Determined pursuant to Rule 457(c) under the Securities Act of 1933
solely for the purpose of calculating the registration fee and
represents the average of the high and low prices of the Common Stock
of Synovus Financial Corp. on the New York Stock Exchange on June 12,
2002.
The Common Stock Rights are attached to and trade with the Common Stock
of Synovus Financial Corp. The value, if any, attributable to the
Rights is reflected in the market price of the Common Stock of Synovus
Financial Corp.
The Registrant hereby amends this Registration Statement on such date or dates
as may be necessary to delay its effective date until the Registrant shall file
a further amendment which specifically states that this Registration Statement
shall thereafter become effective in accordance with Section 8(a) of the
Securities Act of 1933 or until the Registration Statement shall become
effective on such date as the Commission acting pursuant to said Section 8(a),
may determine.
P R O S P E C T U S
702,433 Shares
SYNOVUS FINANCIAL CORP.
Common Stock
--------------------
Certain shareholders of Synovus Financial Corp. are offering 702,433 shares
of Synovus common stock for sale under this prospectus. These shareholders are
referred to as selling shareholders. We will not receive any proceeds from the
sale of these shares.
The selling shareholders acquired their shares of Synovus common stock from
us on May 31, 2002 when GLOBALT, Inc., the company that the selling shareholders
owned, merged with a subsidiary of Synovus.

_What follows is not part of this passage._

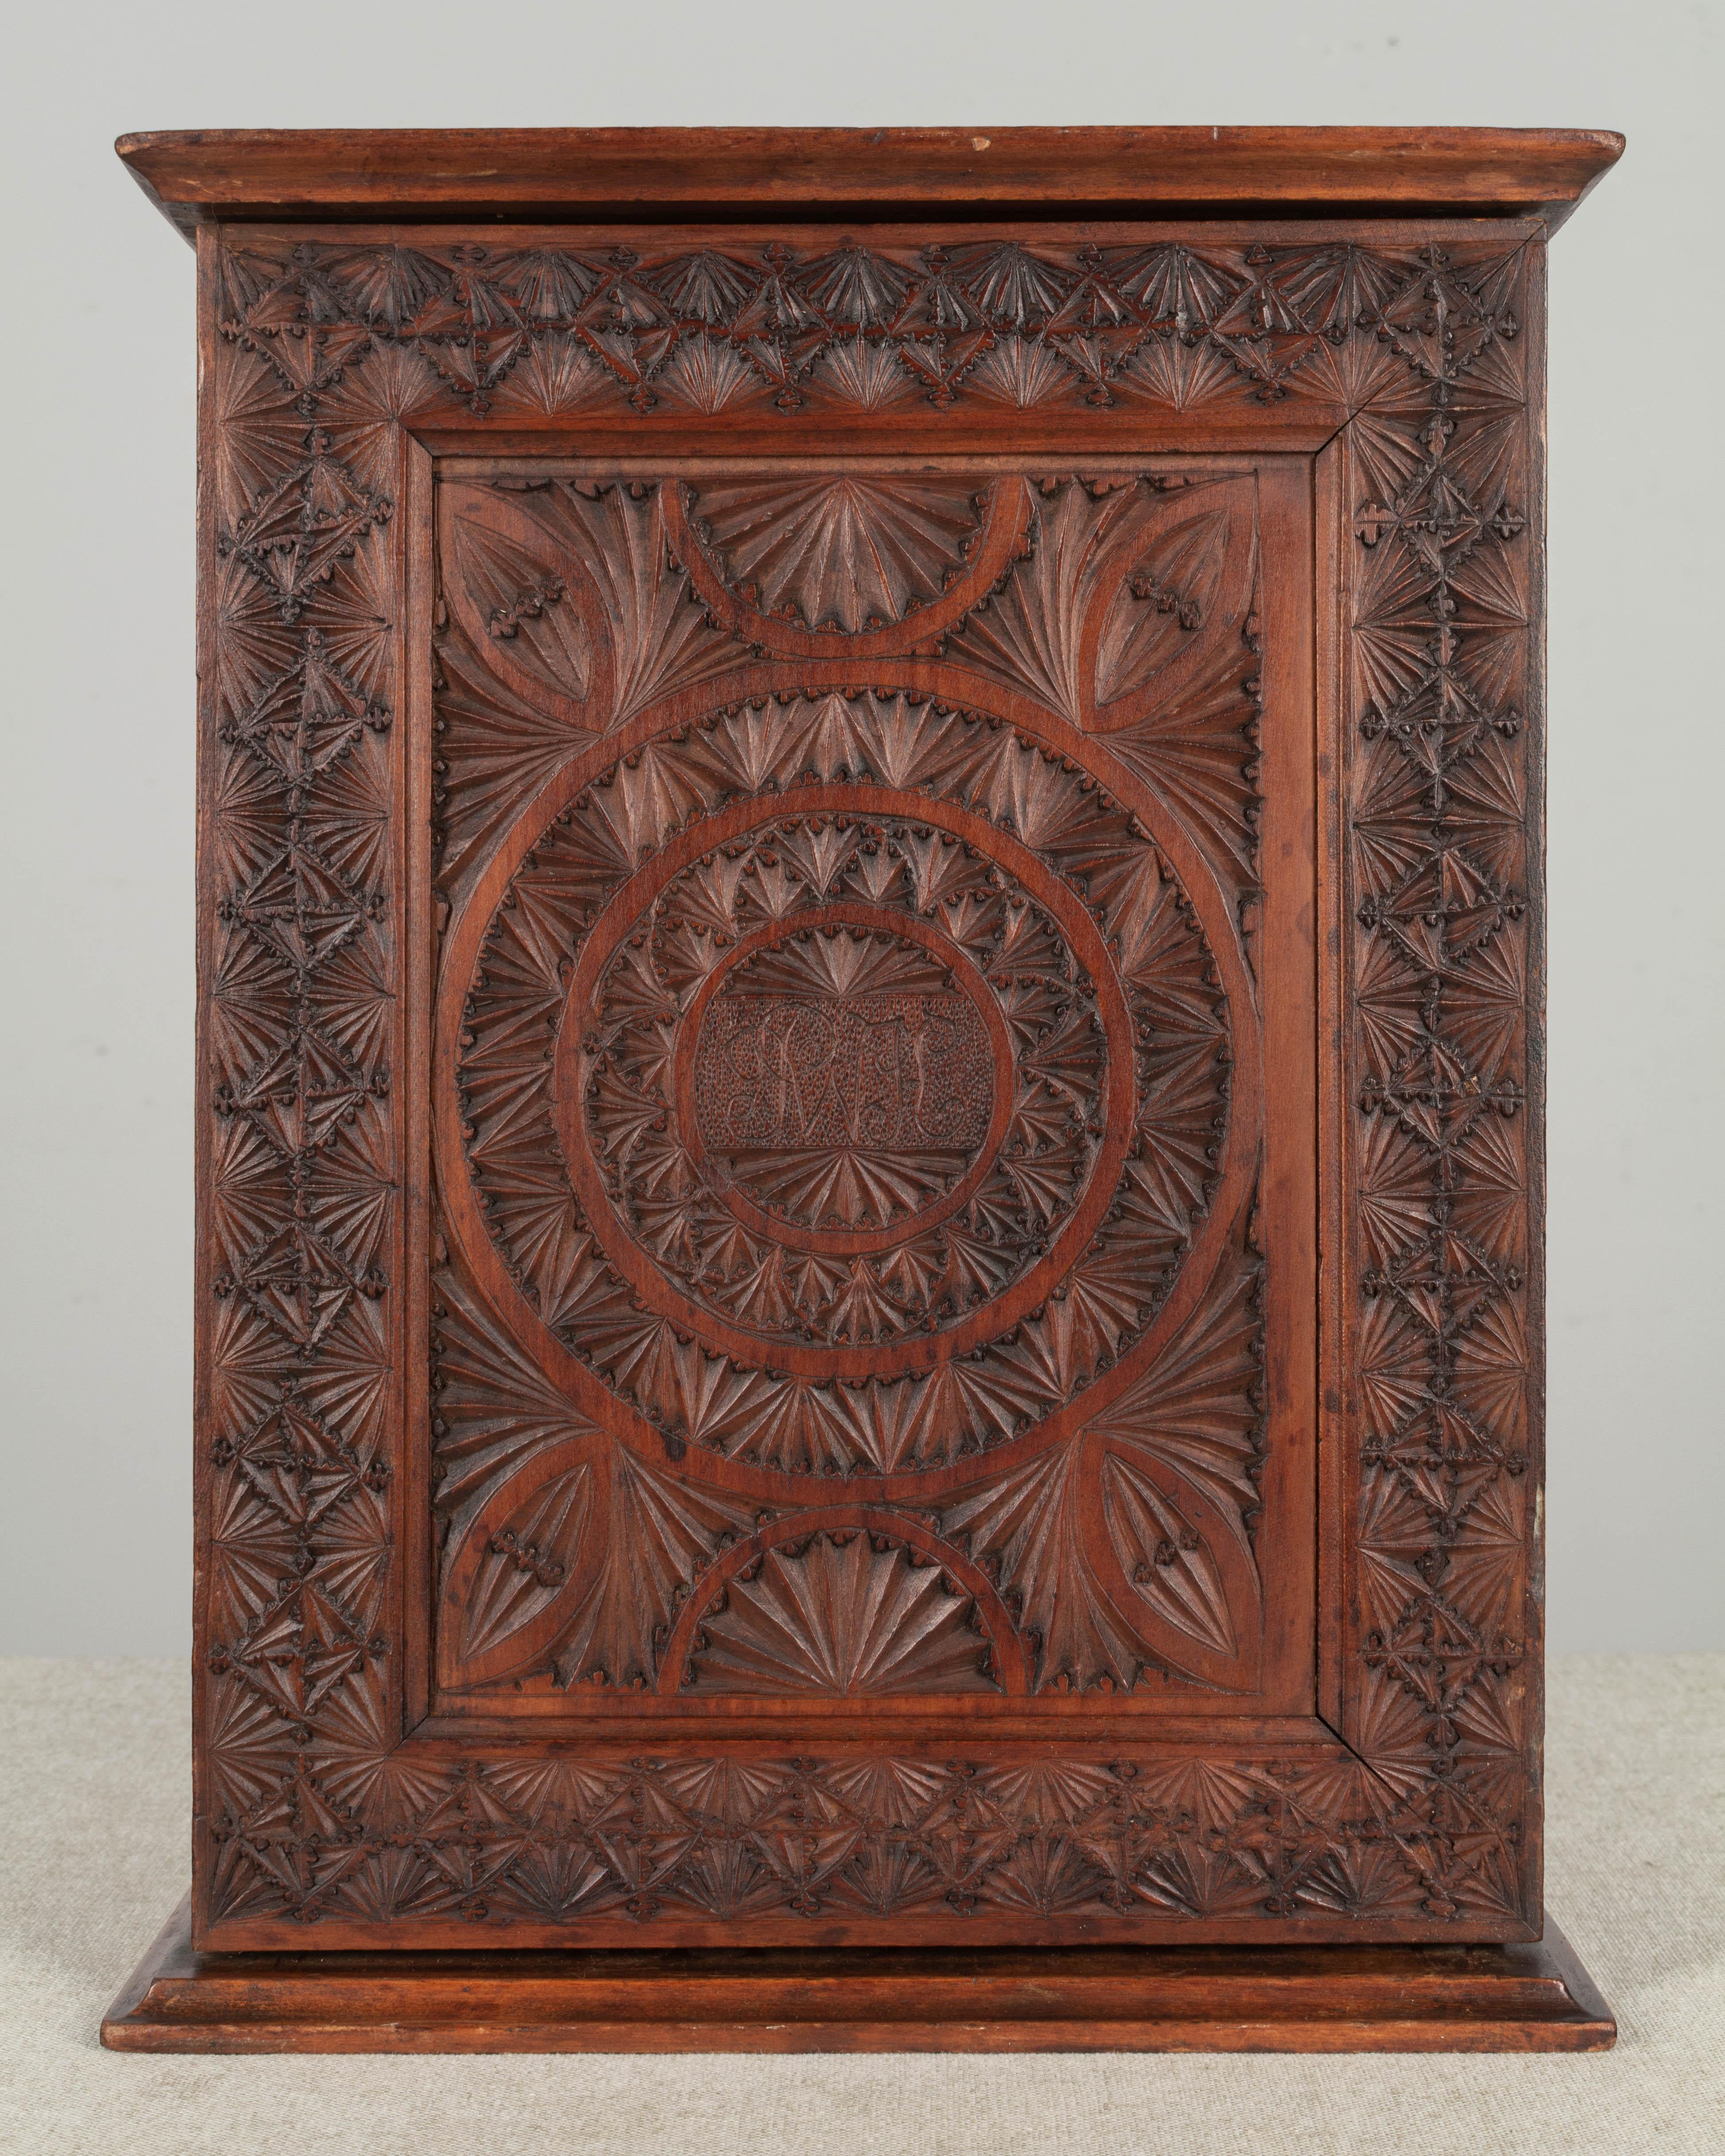 Hand-Carved 19th Century French Carved Wooden Box

The selling shareholders may offer their Synovus common stock through
public or private transactions, on or off the United States exchanges at either
prevailing market prices or privately negotiated prices.
The Synovus common stock is listed on the New York Stock Exchange under the
trading symbol "SNV." On June 13, 2002, the closing price of one share of
Synovus common stock on the New York Stock Exchange was $24.31.

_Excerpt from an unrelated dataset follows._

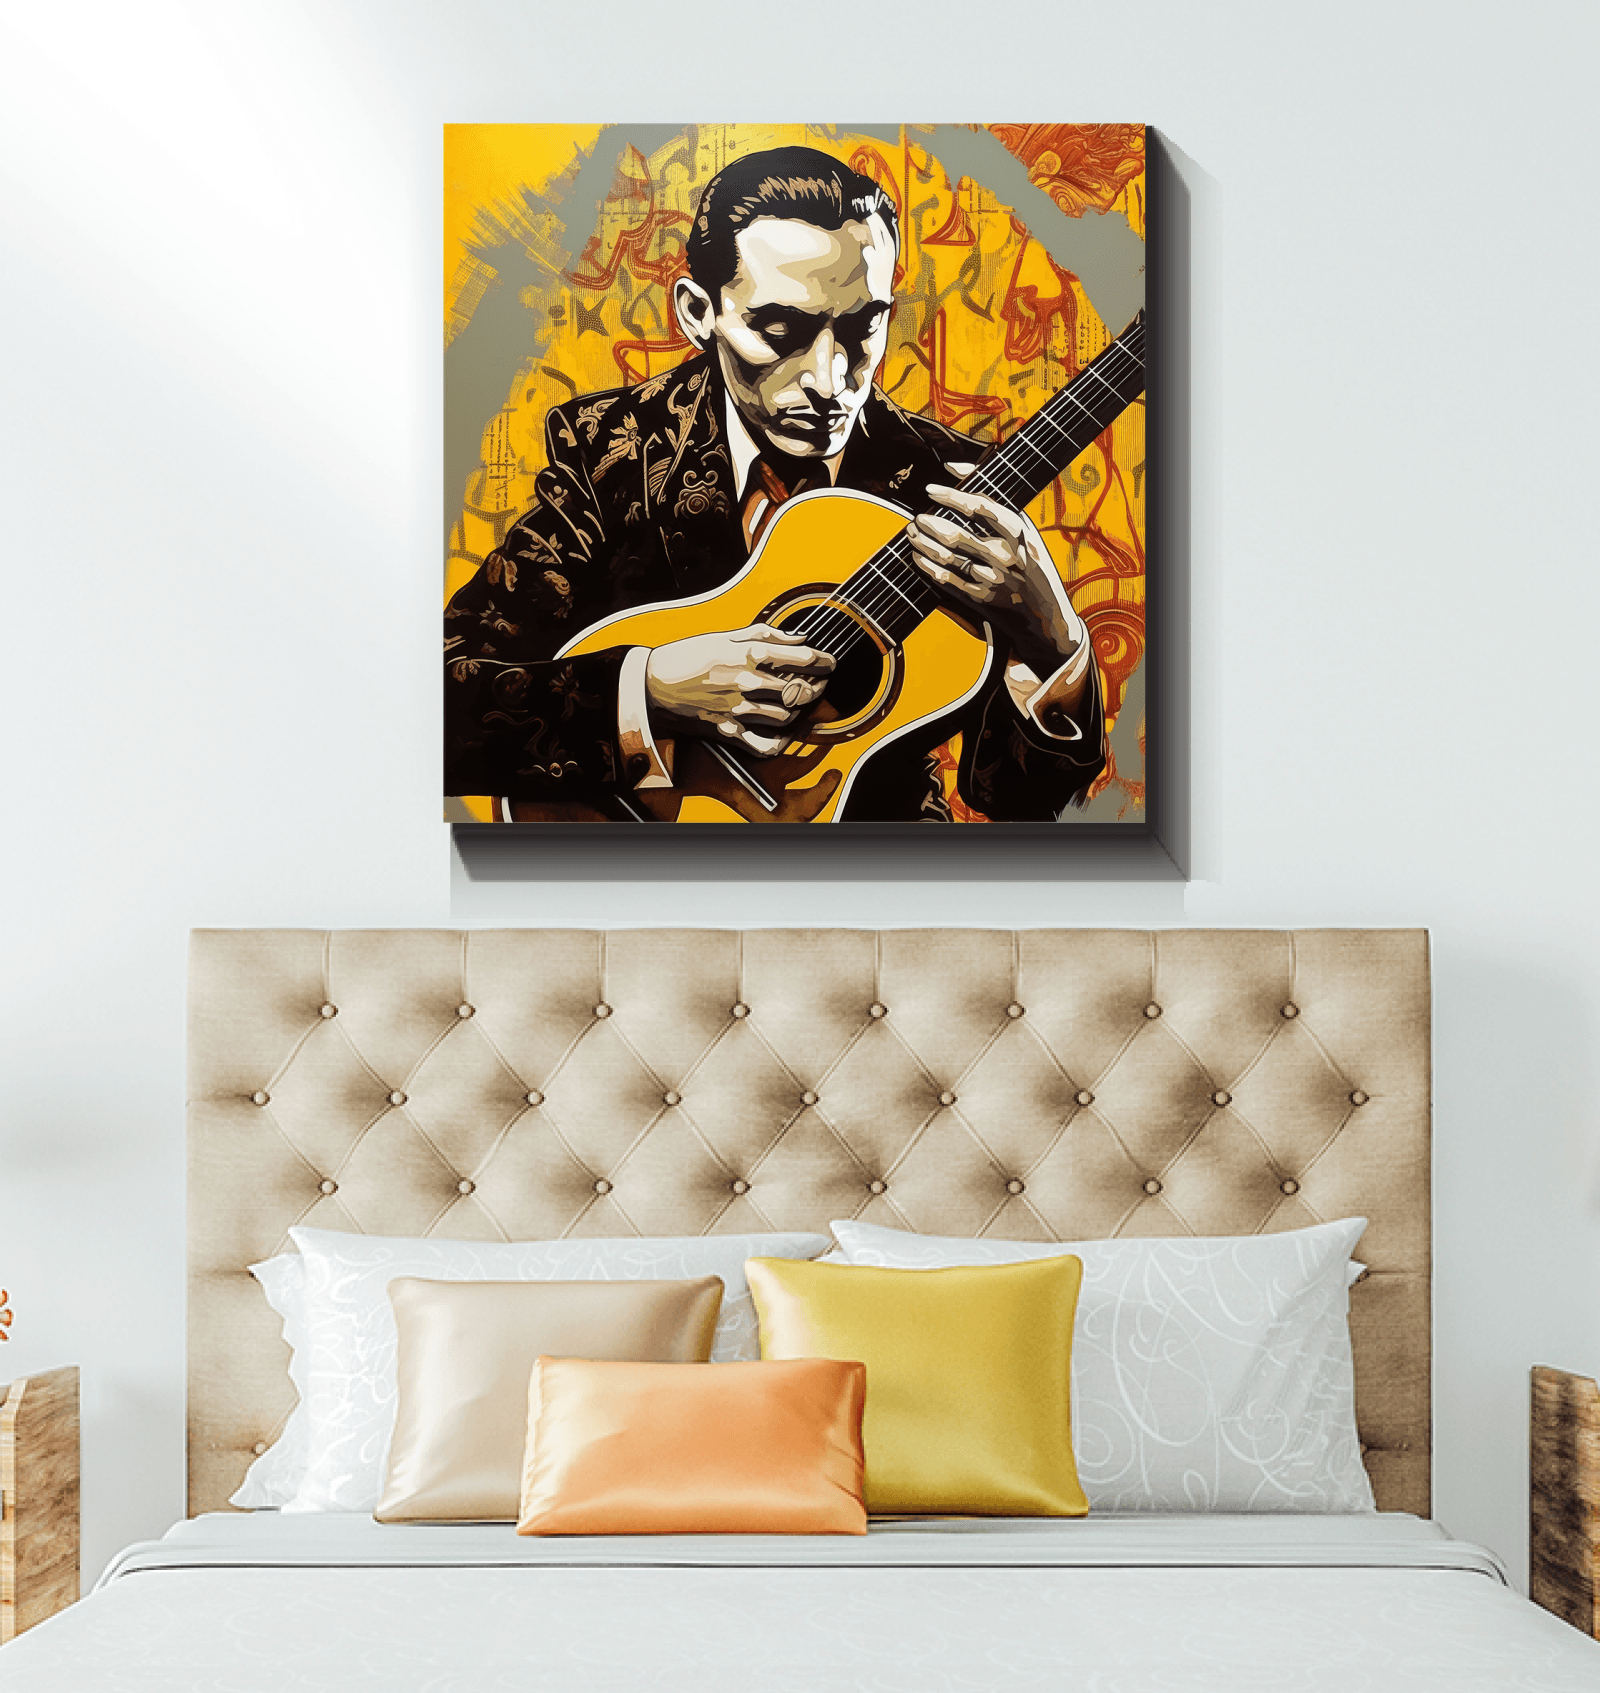 Expressive wrapped canvas art to inspire your daily living.

Our principal executive offices are located at One Arsenal Place, 901 Front
Avenue, Suite 301, Columbus, Georgia 31091 and our telephone number is (706)
649-5220.
--------------------
Neither the Securities and Exchange Commission nor any state securities
commission has approved or disapproved of these securities or passed upon the
accuracy or adequacy of this prospectus. Any representation to the contrary is a
criminal offense.
--------------------
The date of this prospectus is June __, 2002.

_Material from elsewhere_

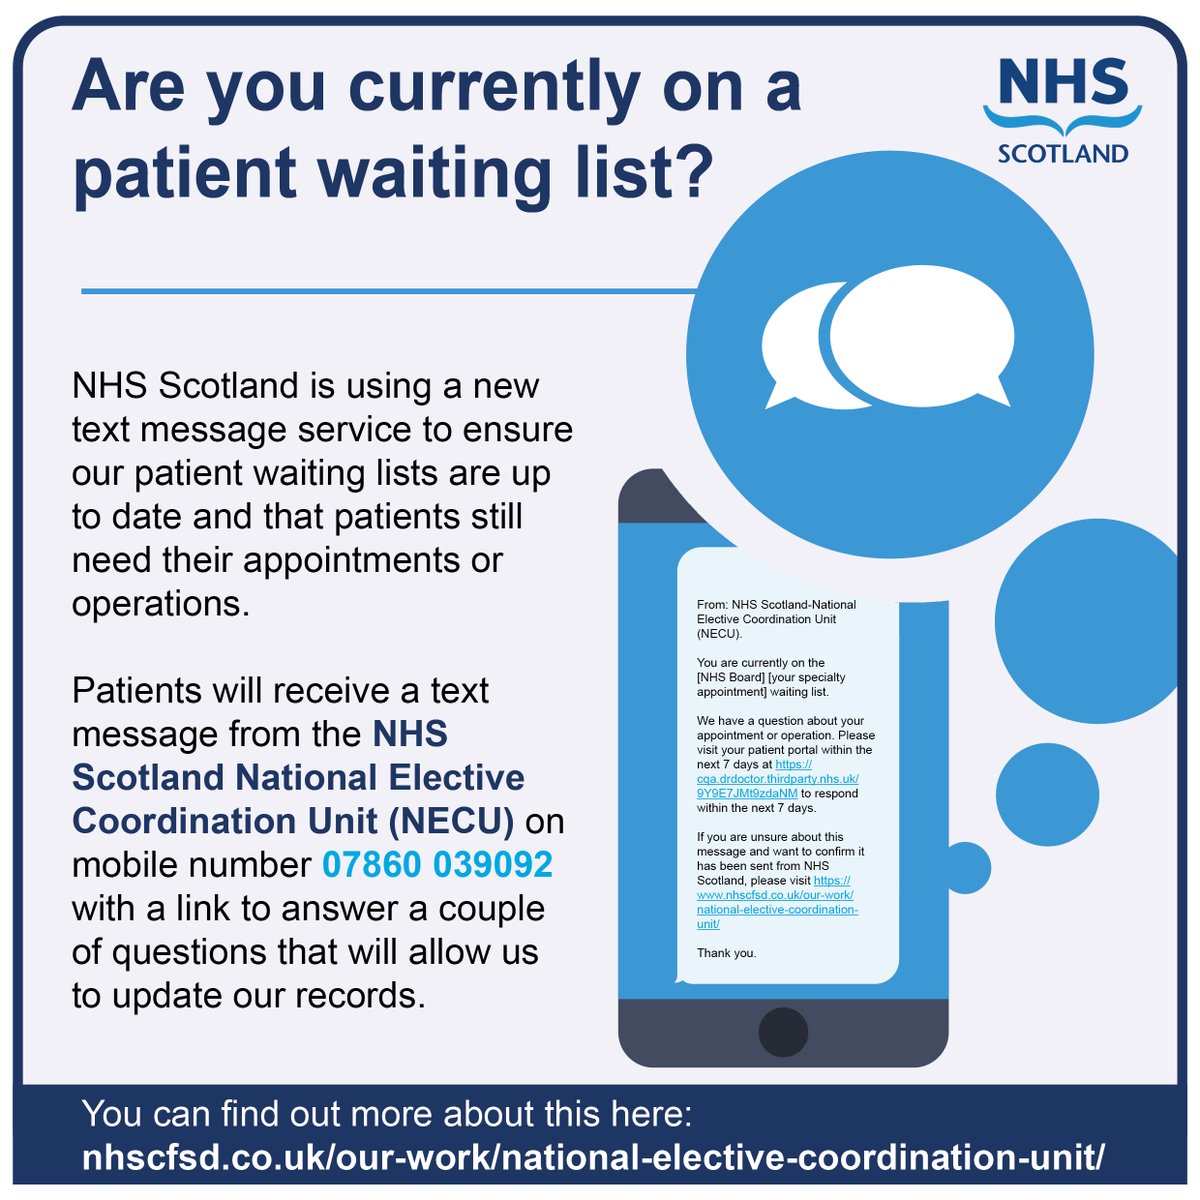 NHS Scotland is using a new service to update our waiting lists. From today @NHSBorders Outpatients will receive a text message from the NHS Scotland National Elective Coordination Unit with a link to answer some questions. Find out more: tinyurl.com/NHSScot-NECU @NHSScotCfSD

WHERE YOU CAN FIND MORE INFORMATION
We file annual, quarterly and special reports, proxy statements and other
information with the SEC. You may read and copy any document we file at the
SEC's public reference rooms at 450 Fifth Street, N.W., Washington, D.C. 20549,
233 Broadway, New York, New York 10279 and 500 West Madison Street, Suite 1400,
Chicago, Illinois 60661. Please call the SEC at 1-800-SEC-0330 for further
information on the public reference rooms. Our SEC filings are also available to
the public from the SEC's Website at http://www.sec.gov. Reports, proxy
statements and other information should also be available for inspection at the
offices of the New York Stock Exchange.
The SEC allows us to "incorporate by reference" the information we file
with them, which means that we can disclose important information to you by
referring you to those documents. The information incorporated by reference is
considered to be part of this prospectus, and information that we file later
with the SEC will automatically update and supersede information in this
prospectus and in our other filings with the SEC. We incorporate by reference
the documents listed below and any future filings we will make with the SEC
under Sections 13(a), 13(c), 14 or 15(d) of the Securities Exchange Act of 1934
until the termination of this offering:
* Annual Report on Form 10-K for the year ended December 31, 2001;
* Quarterly report on Form 10-Q for the Quarter ended March 31, 2002;
* Current reports on Form 8-K dated January 16, 2002 and April 15, 2002;
* The description of Synovus common stock contained in Synovus'
Registration Statement on Form 8-A filed with the SEC on August 21,
1989; and
* The description of the shareholder rights plan of Synovus contained in
Synovus' Registration Statement on Form 8-A filed with the SEC on
April 28, 1999.
You may request a copy of any of these filings (including exhibits we have
specifically incorporated by reference in these filings), at no cost, by writing
or telephoning us at the following address:
Director of Investor Relations
Synovus Financial Corp.
901 Front Avenue, Suite 201
Columbus, Georgia 31901
(706) 649-5220
2
This prospectus is part of a registration statement we filed with the SEC
(Registration No. 333-__________). You should rely only on the information
incorporated by reference or provided in this prospectus or any supplement. We
have authorized no one to provide you with different information. The selling
shareholders will not make an offer of their shares of Synovus common stock in
any state where the offer is not permitted. You should not assume that the
information in this prospectus or any supplement is accurate as of any date
other than the date on the front of those documents.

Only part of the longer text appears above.